I arrive at my destination a little late, the result of a touch too much excitement at the card shop. It’s alright; I know some people at a table on the right and there’s a game in progress so I can stroll on up for my beer, if you will. I decide (after a horrific sampling of Gilgamesh’s Cranberry Saison, truly an affront to liquid everywhere) upon Leavenworth’s Whistling Pig Hefe.
And that’s when I see Sparky. Back when I was doing the 52 Weeks theme, I saw him all the time; big dude with a beard to make ZZ Top envious and John Lennon sunglasses, he seemed like one of those men who was probably pretty low key in most areas of his life, but at a social place like a bar flourished. He likes beer, conversation, is pretty damn smart and affable: what’s not to dig on? A rarity at Bailey’s; he doesn’t seem to care so much about which beer he’s drinking, so long as it’s good and the staff have figured out his tastes (IPAs, for the most part.)
So I over to say hi and catch up. He tells me about his job, which is going well, so well that he was able to visit a dentist to get a bunch of work done, and a doctor for the first time in seven years. The nurse checks his blood pressure. Then a doctor (and my eyebrows go up.) Then another doctor (‘oh, shit’.) THEN an E.K.G. machine.
‘Holy christ, dude!’
“Yeah,” he chuckles, “turns out my BP was 180/10 and I didn’t know what that meant at the time but it turns out they thought I was having a heart attack on the spot.”
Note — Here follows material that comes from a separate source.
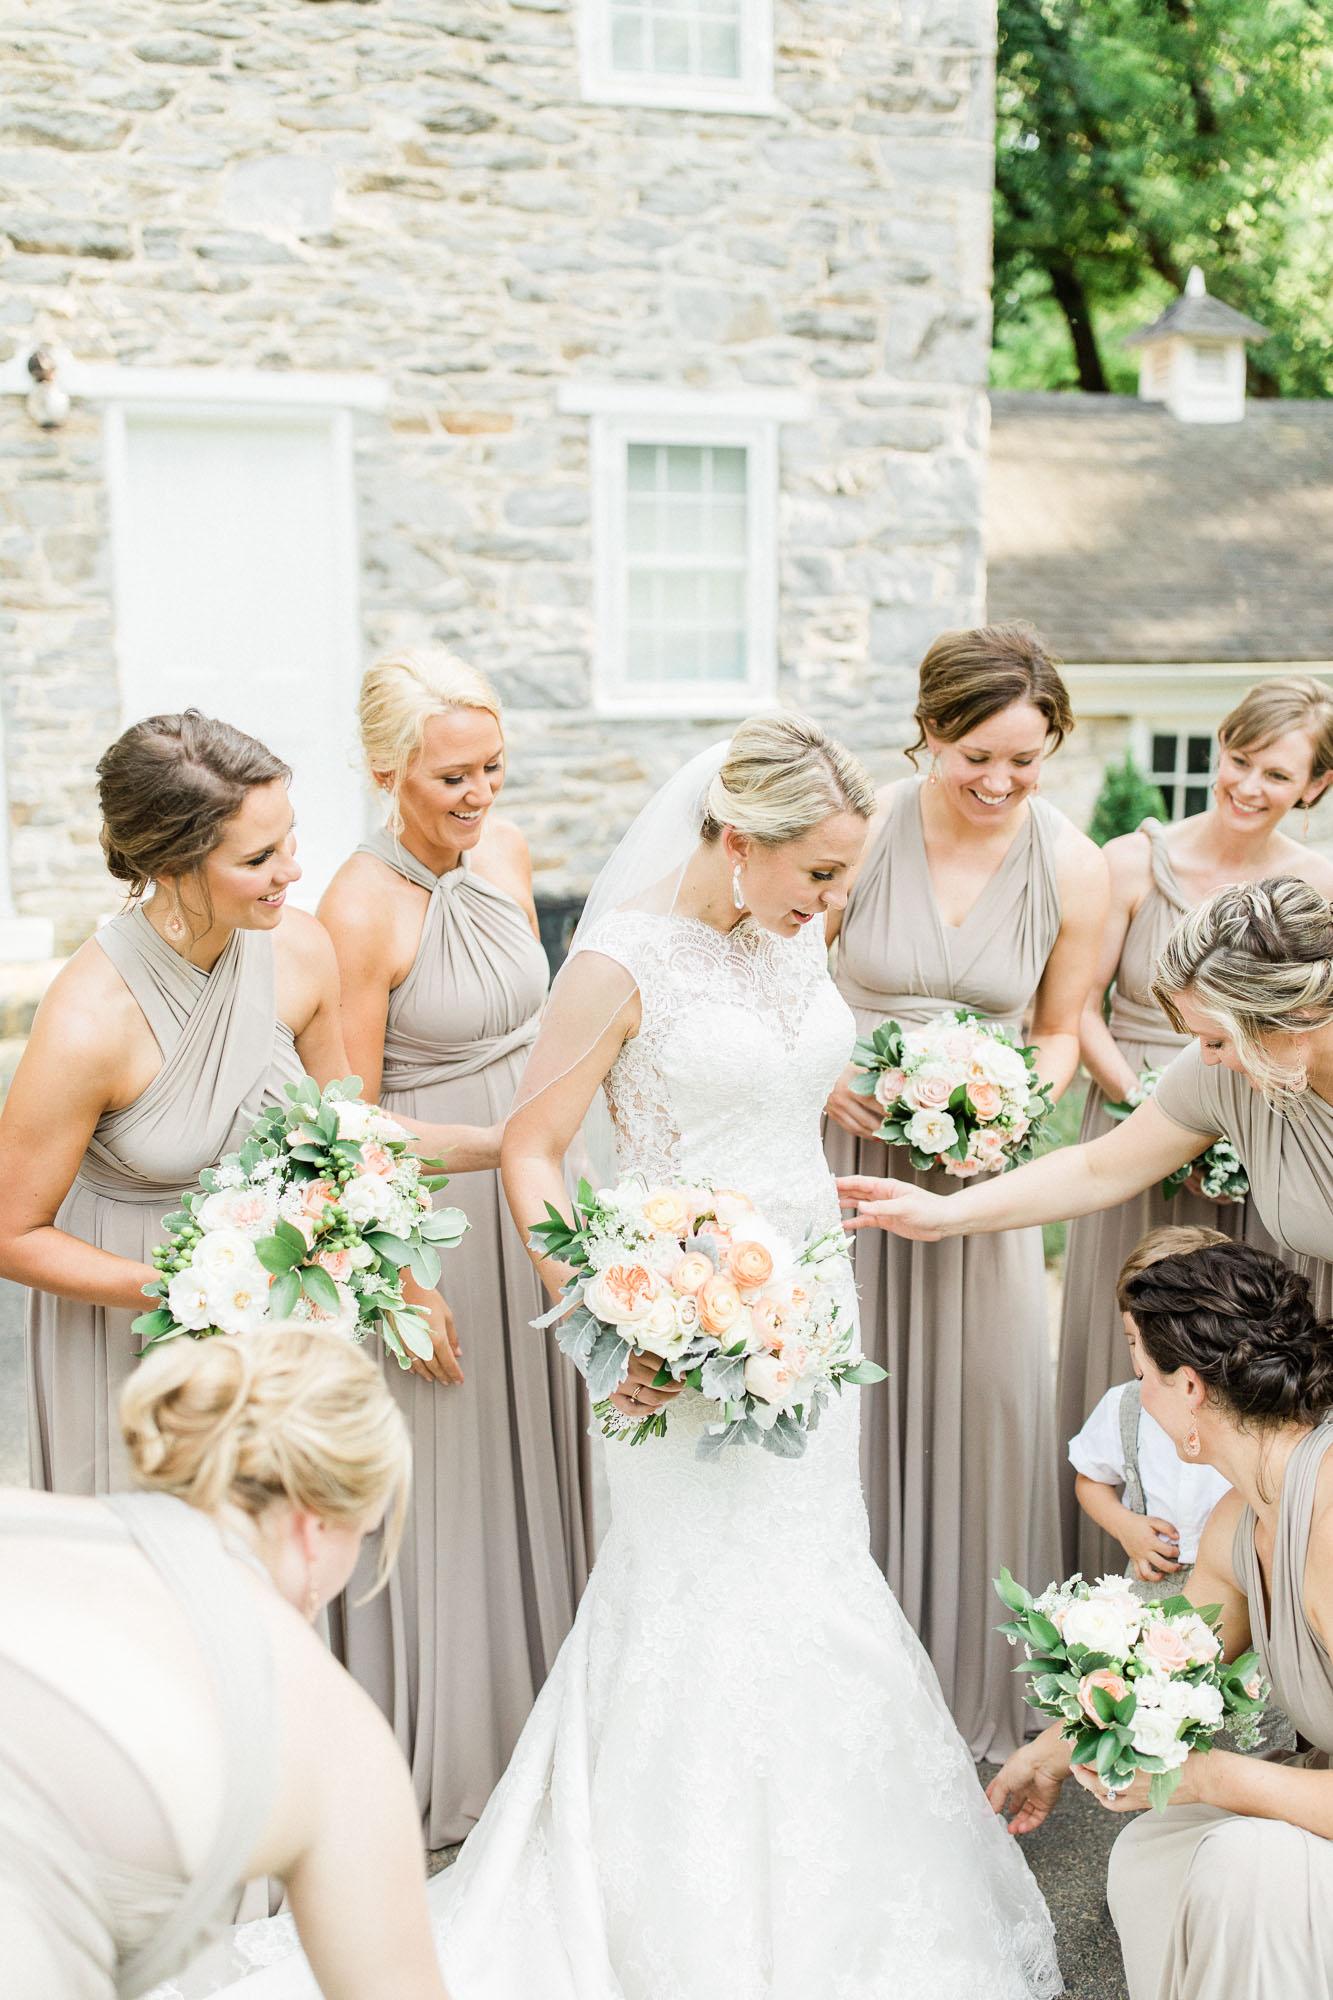 Allenberry-resort-historic-pennsylvania-wedding-10197.jpg

‘But you’re…’ I gesture to him
“Oh yeah,” he says, waving it off, “I wouldn’t be telling you about it if everything wasn’t kosher. I’m just one of those dudes who’s prone to hypertension. Some meds, and I’m alright.”
Damn.
So I tell him what’s going on with me (moving, etc), he reassures me that in “six months, when all the piddly shit is done, you’ll love it,” which is good to know.
To your health, sir; may you keep it long.